Indonesia Corruption Watch
(ICW) mencatat, hingga akhir Januari 2019, sebanyak 1.466 belum dipecat dari jabatan sebagai ASN.

Ironisnya, menurut peneliti Divisi Investigasi ICW, Wana Alamsyah, gaji terus dibayarkan kepada mereka.

“Badan Pemeriksa Keuangan (BPK) perlu segera menghitung untuk mengetahui kerugian negara yang timbul,” kata
Wana Alamsyah di Jakarta, Kamis (21/2).

Data BKN per 17 September 2018 menunjukkan, terdapat 98 PNS koruptor bekerja di Kementerian dan 2.259 PNS koruptor yang bekerja di provinsi, kabupaten, dan kota.

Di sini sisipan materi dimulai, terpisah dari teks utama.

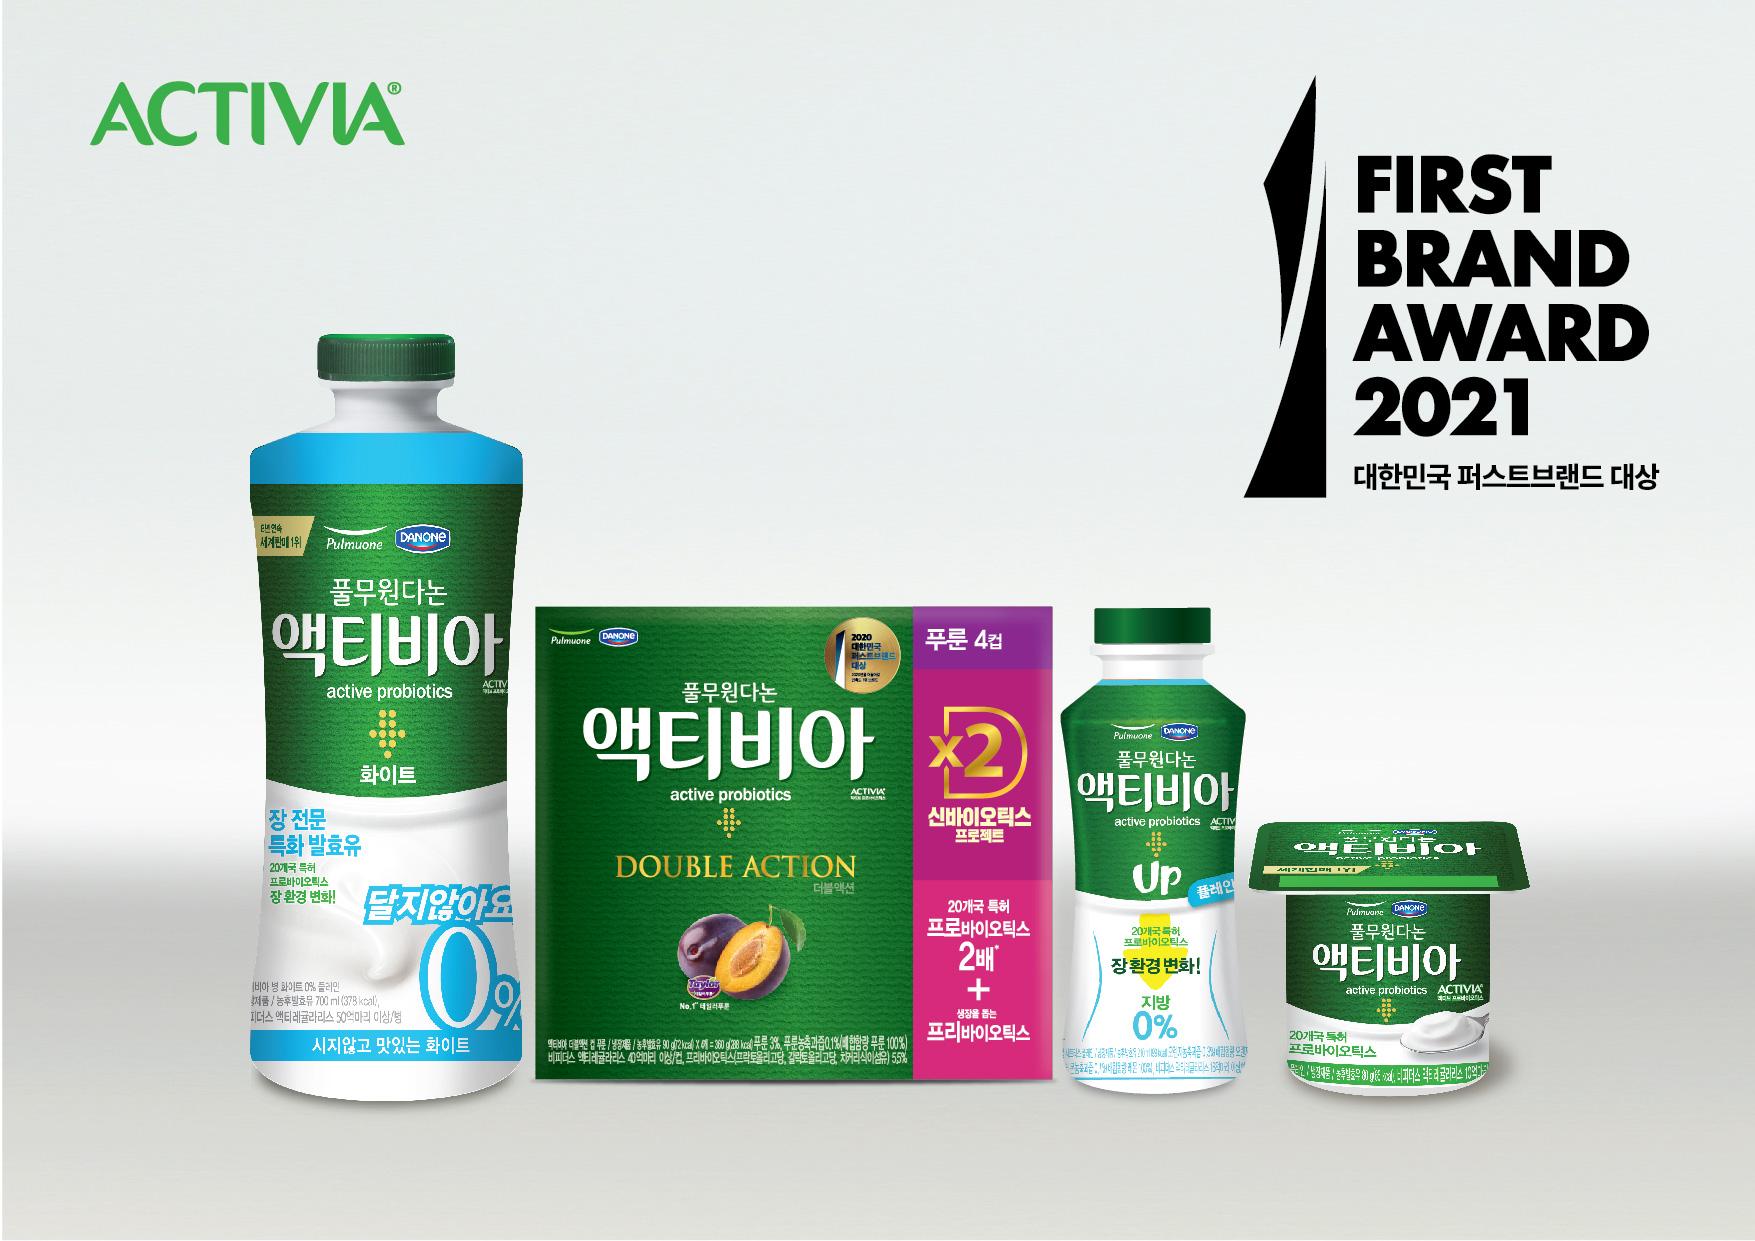 풀무원다논 액티비아가 2년 연속 '대한민국 퍼스트브랜드 대상' 발효유 부문 대상에 선정됐어요!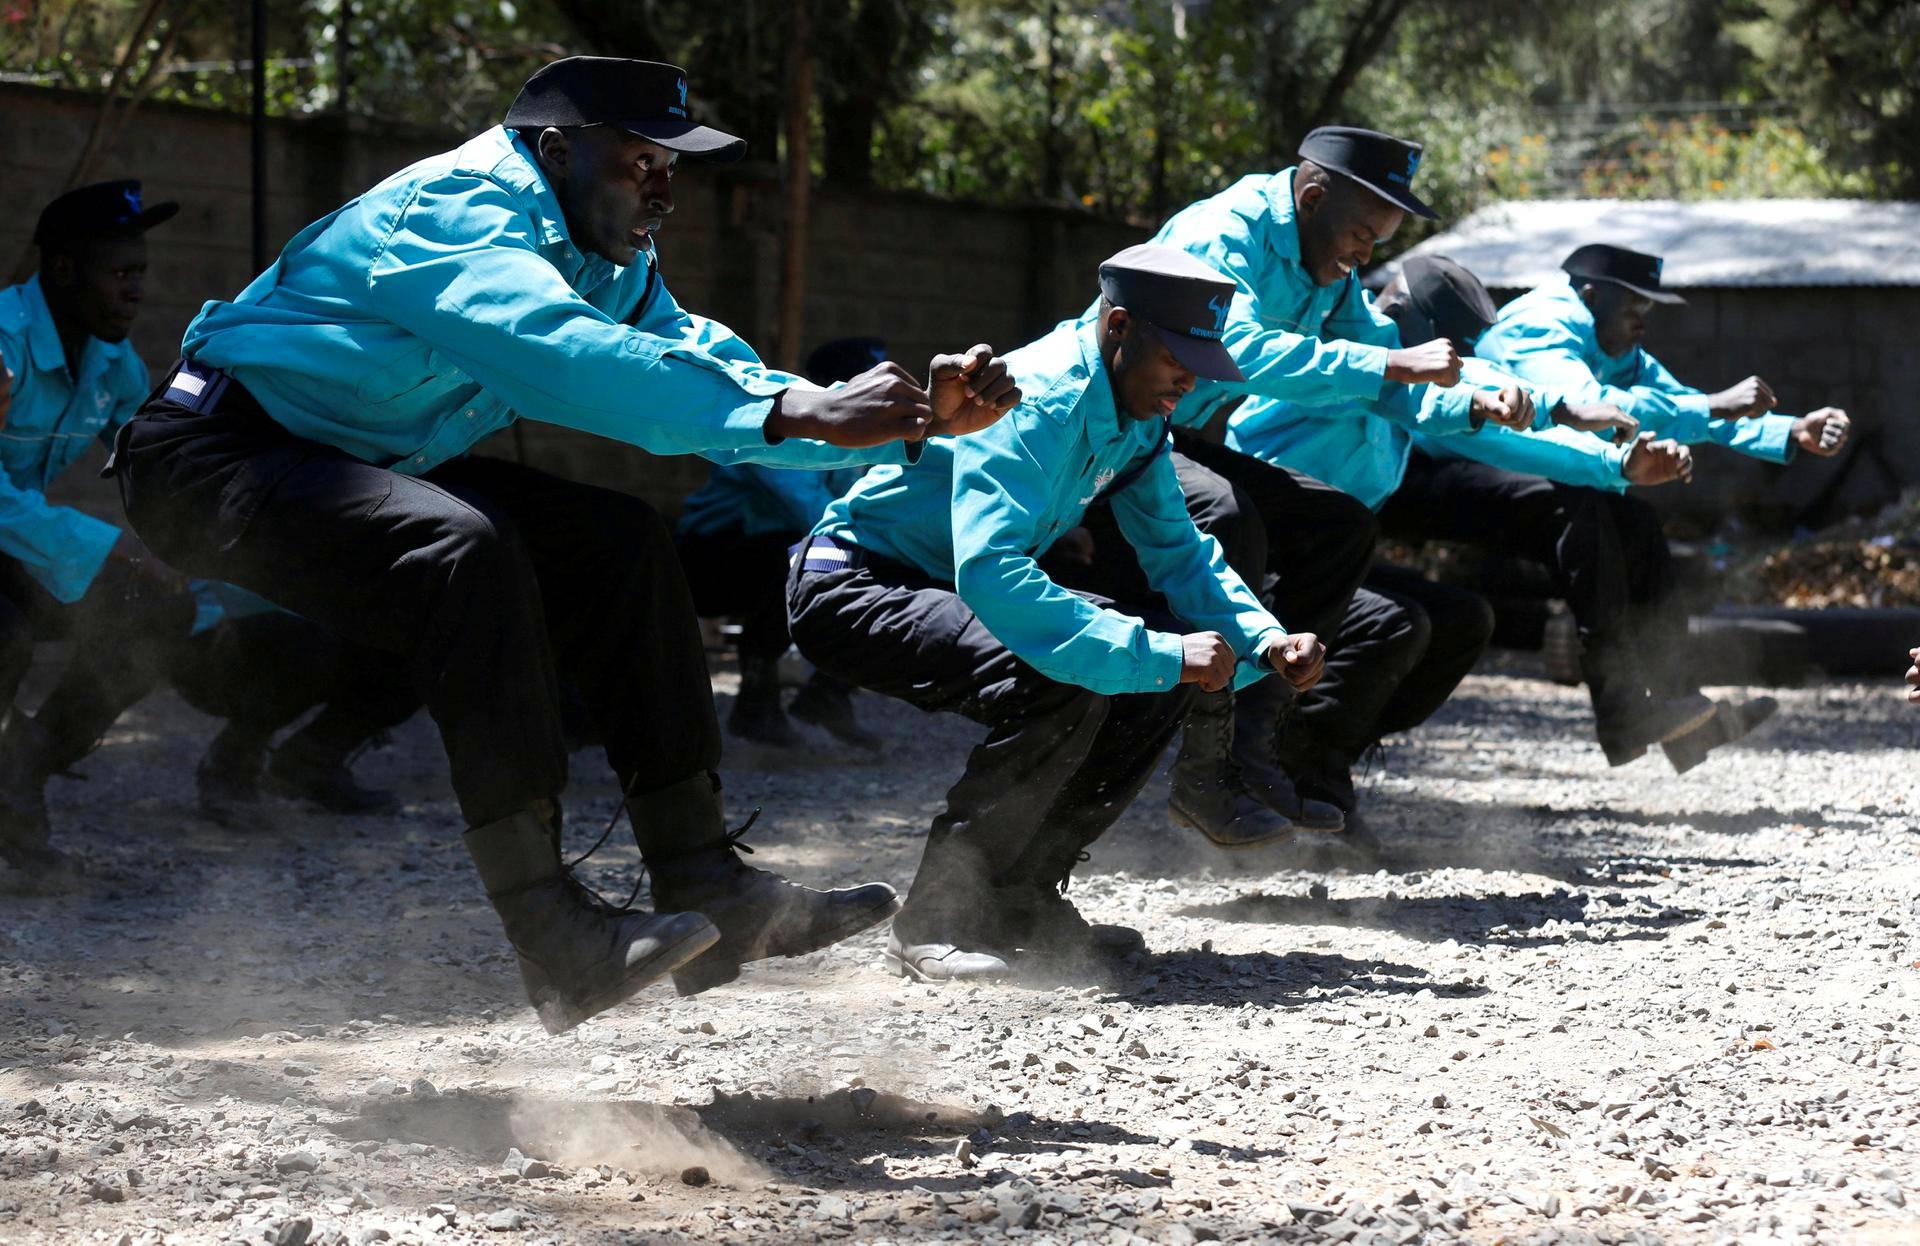 Kenialaiset turvamiehet harjoittelivat Nairobissa.

Akan tetapi, menurut Wana Alamsyah, pejabat Pembina Kepegawaian (PPK) dari institusi baik di tingkat pusat maupun daerah lambat untuk melakukan proses pemecatan.

Langkah tersebut patut disayangkan, mengingat tiga institusi pada tanggal 13 September 2018 telah mengeluarkan Surat Keputusan Bersama (SKB) mengenai keharusan untuk melakukan pemecatan terhadap PNS yang telah dijatuhi hukuman oleh pengadilan.

SKB diteken oleh Menteri Dalam Negeri, Menteri Pendayagunaan Aparatur Negara dan Reformasi Birokrasi, dan Kepala Badan Kepegawaian Negara.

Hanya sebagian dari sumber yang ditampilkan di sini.